3. Conversely, over‑expressing 15‑PGDH in young cells will suppress HAS2, increase LMW‑HA/TLR4 signaling, and elevate cytokine output; this will be blocked by adding a PGE2 analog or an HDAC inhibitor.
4. In vivo, topical or intra‑articular delivery of a selective 15‑PGDH inhibitor (e.g., SW033291) in aged mice will increase dermal HA content, reduce LMW‑HA fragments, lower TLR4‑dependent NF‑κB activation, and improve skin elasticity and cartilage thickness.

Experimental Approach

• In vitro: Culture primary human dermal fibroblasts from young (<30 y) and old (>65 y) donors. Treat with 15‑PGDH siRNA, CRISPRi, or SW033291; measure PGE2 (ELISA), HAS2 qPCR/Western, HA size distribution (HPSEC), LMW‑HA (ELISA using HA‑binding protein), and cytokine secretion (TNFα, IL‑1β, IL‑6). Include EP2/EP4 agonist (butaprost) and HDAC inhibitor controls.
• In vivo: Use aged (18‑month) mice; apply SW033291‑loaded hydrogel to dorsal skin or inject intra‑articularly twice weekly for 4 weeks. Assess HA content (HA‑binding protein staining), LMW‑HA levels, TLR4/MyD88 phosphorylation (Western), NF‑κB nuclear translocation (immunofluorescence), histology (Masson’s trichrome for dermal thickness, Safranin‑O for cartilage), and functional readouts (skin tensile strength, grip‑test for joint mobility).
• Controls: Vehicle‑treated aged mice, young mice +/- inhibitor, and 15‑PGDH over‑expression via AAV in young mice to confirm sufficiency.

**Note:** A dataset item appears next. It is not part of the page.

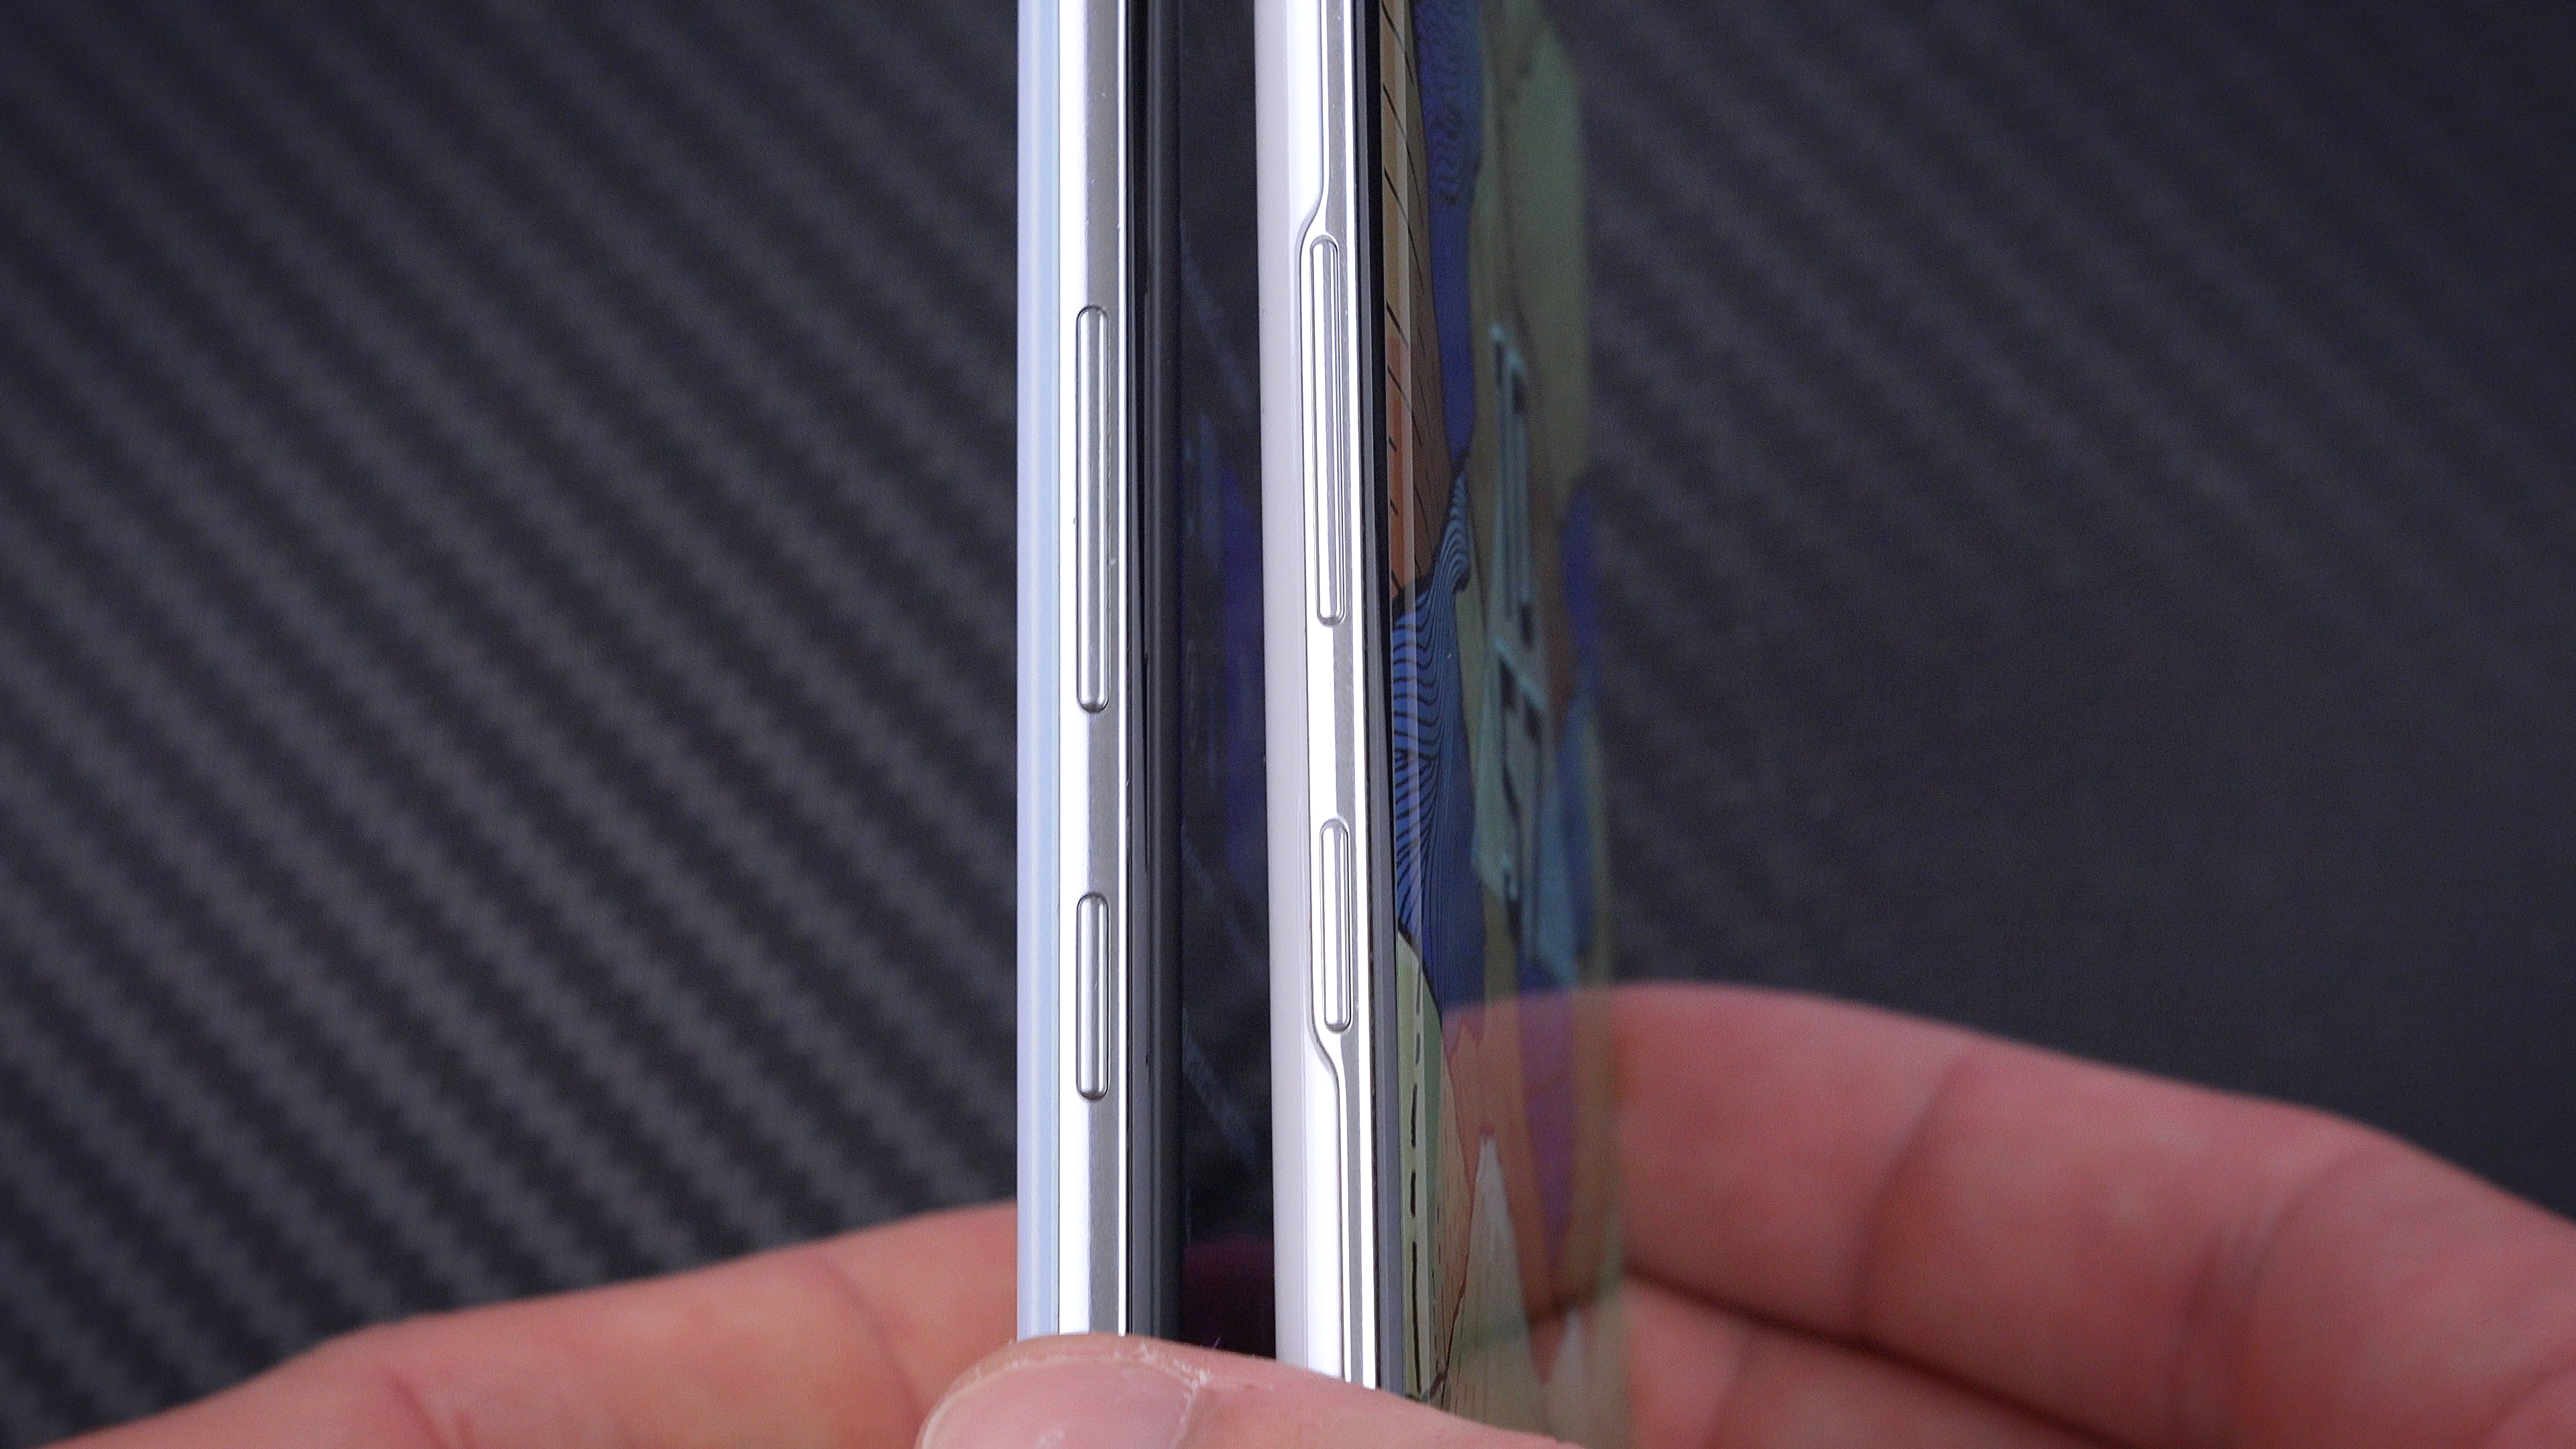 Note 10 Plus'a belgesel çektik! 'Samsung Galaxy Note 10 Plus incelemesi'

Potential Outcomes and Interpretation

• If predictions hold: Demonstrates that 15‑PGDH‑driven PGE2 loss is a upstream epigenetic silencer of HAS2, positioning the gerozyme as a master regulator of HA quality. This would unify the observed HA depletion, LMW‑HA‑mediated inflammation, and cartilage/thin‑skin phenotypes.
• If HAS2 is unchanged despite 15‑PGDH inhibition: Suggests alternative senescence‑linked transcriptional repressors (e.g., p53‑dependent promoters) dominate; focus would shift to mapping those factors.
• If PGE2 rescue fails to raise HAS2: Implies that 15‑PGDH influences HA via non‑PGE2 mechanisms (e.g., direct interaction with HA synthases) and redirects investigation.

Broader Implications

Validating this hypothesis would provide a mechanistic bridge between two longevity‑targeted pathways—PGE2/15‑PGDH (cartilage regeneration) and HA homeostasis—and suggest that dual targeting (15‑PGDH inhibition + HA‑boosting strategies) could synergistically counteract dermal aging and joint degeneration.